_Information shown_:
----

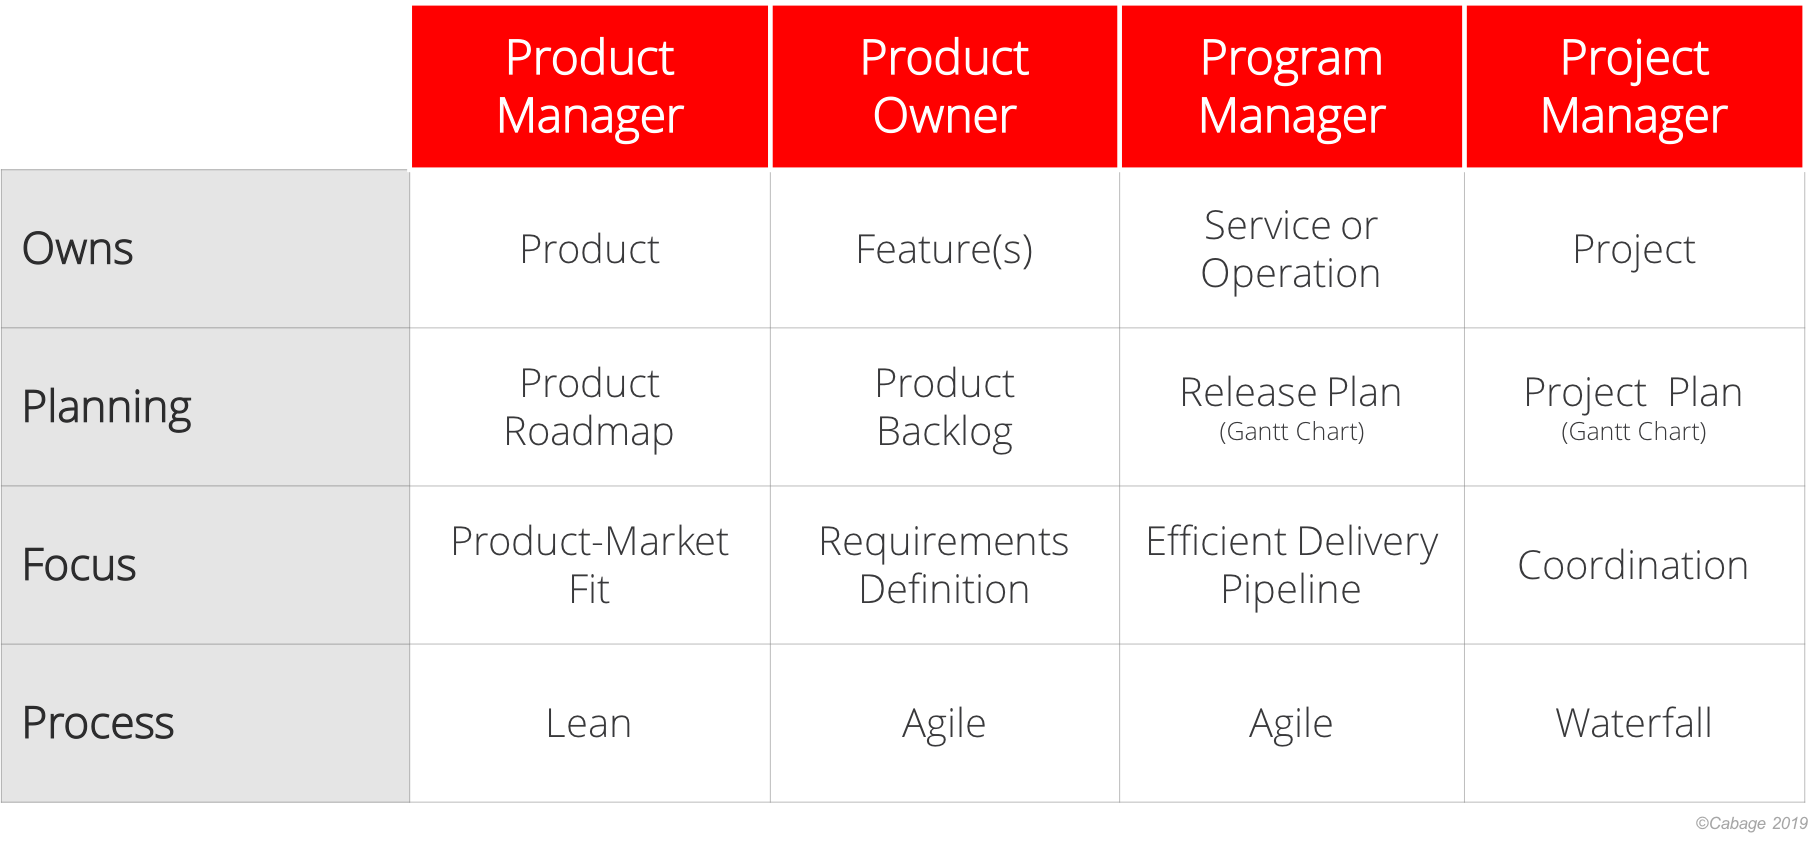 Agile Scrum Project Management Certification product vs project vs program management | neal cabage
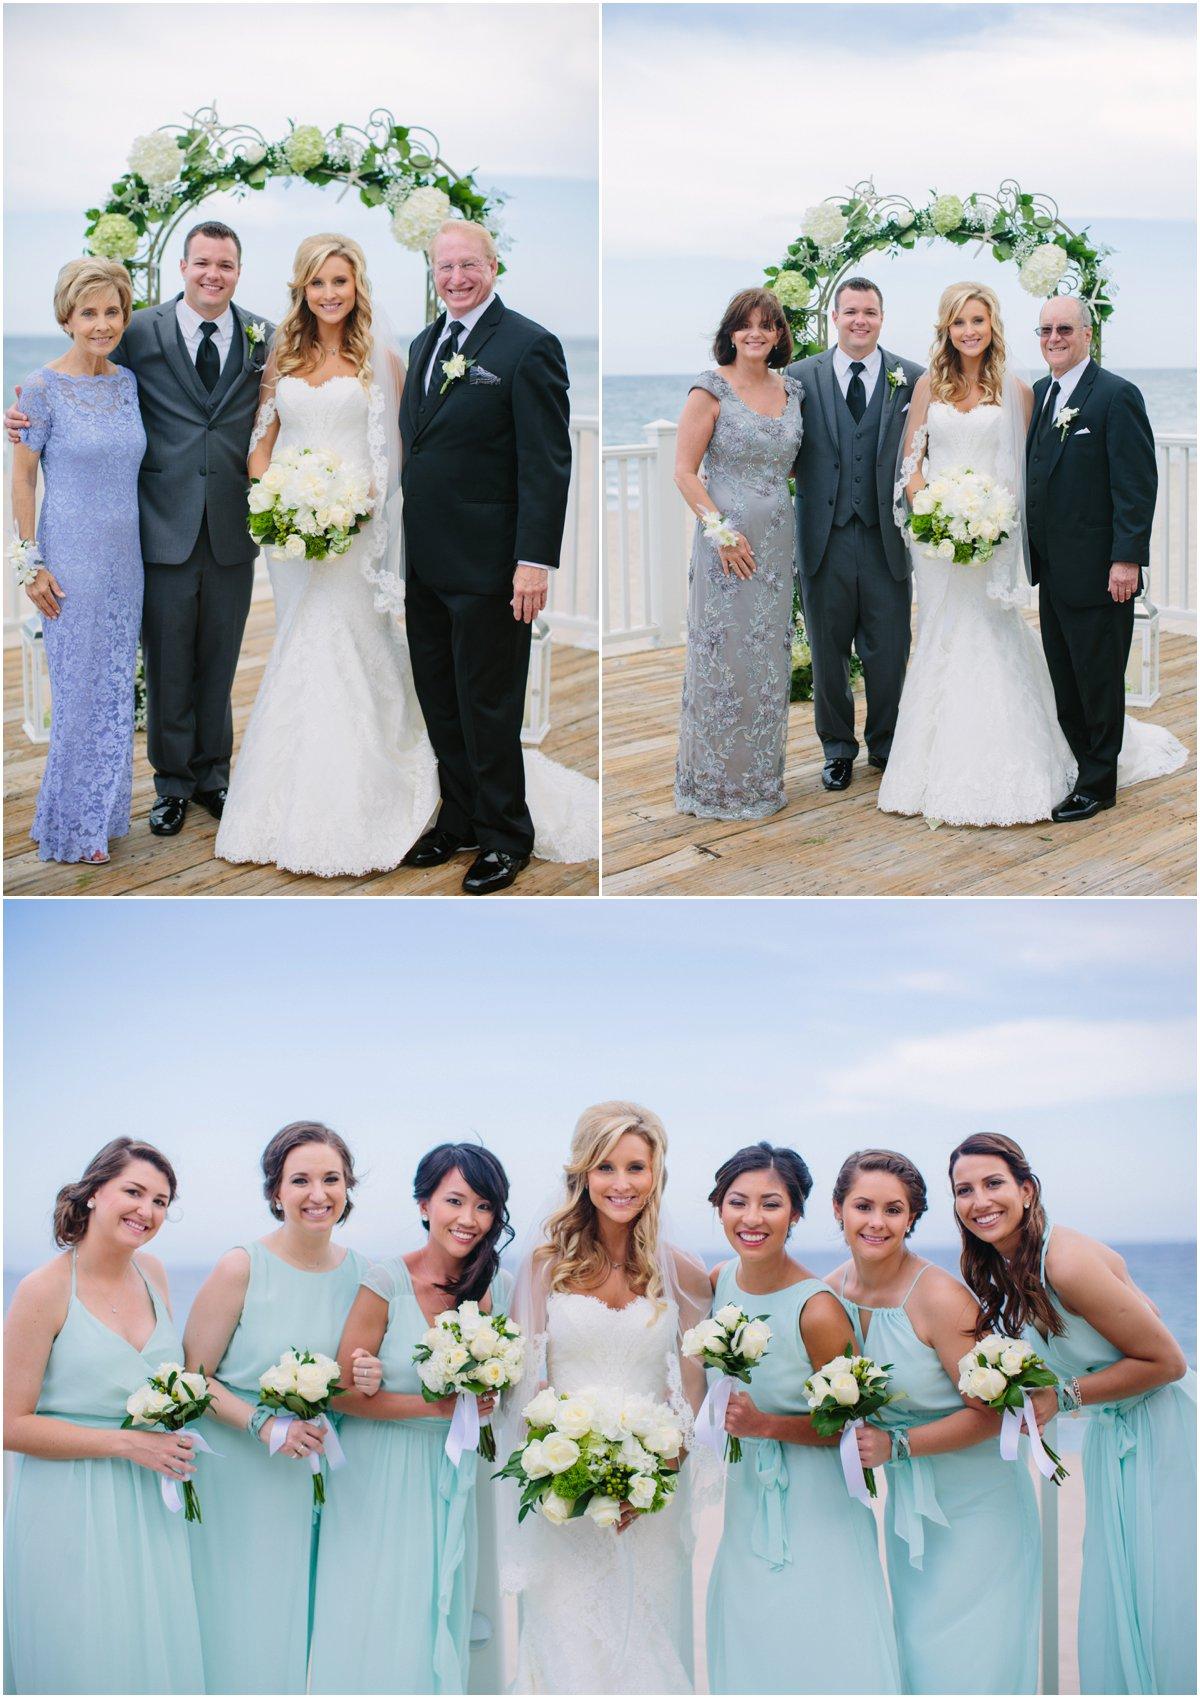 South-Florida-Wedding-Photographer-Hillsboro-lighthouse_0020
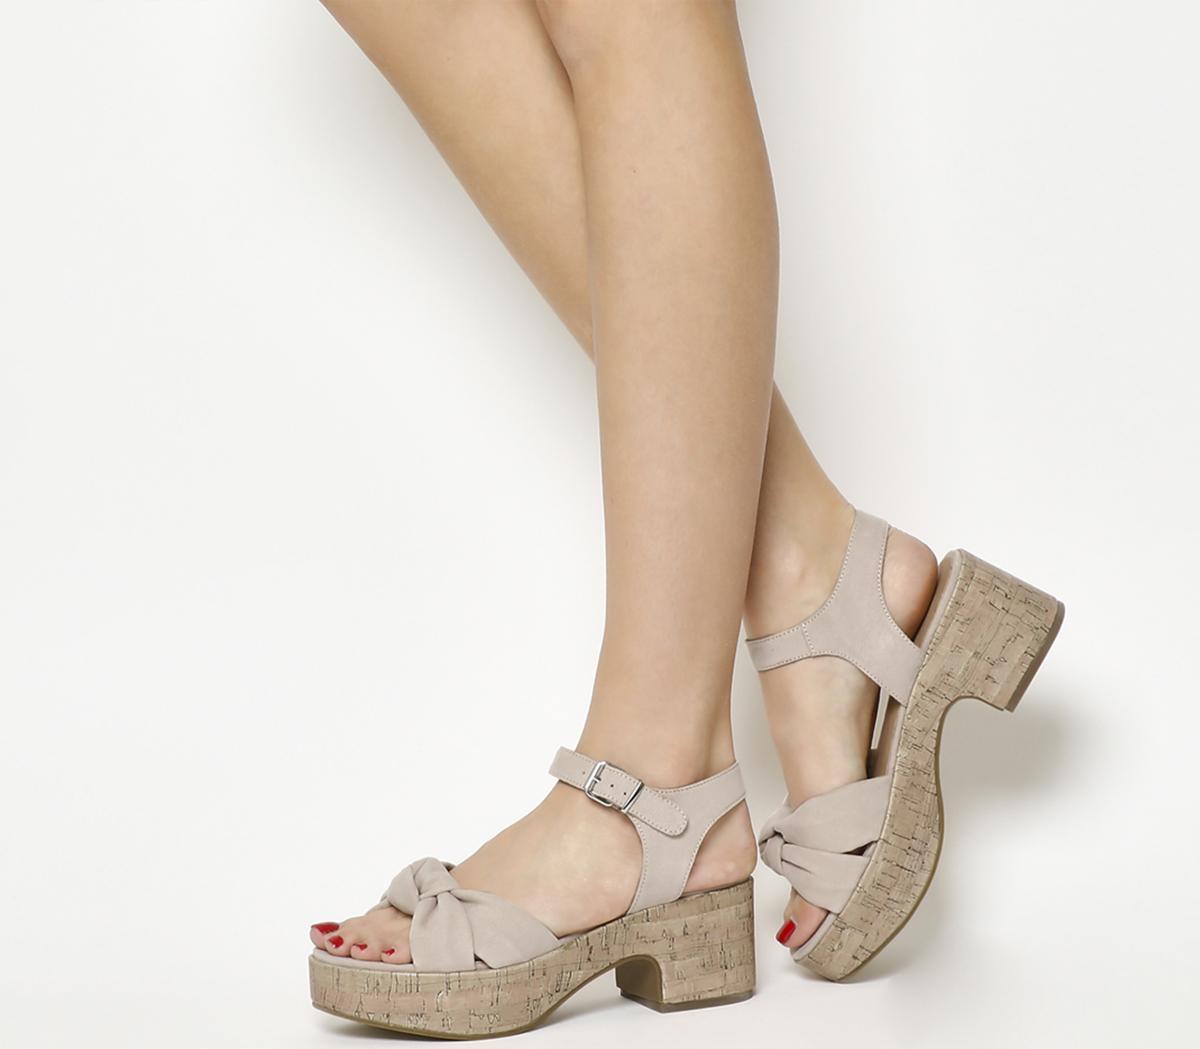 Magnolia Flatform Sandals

----

_Try it_: Every line of the listing should be repeated exactly; no picture should appear.

_Written response_:
 Agile Scrum Project Management Certification product vs project vs program management | neal cabage
 South-Florida-Wedding-Photographer-Hillsboro-lighthouse_0020
 Magnolia Flatform Sandals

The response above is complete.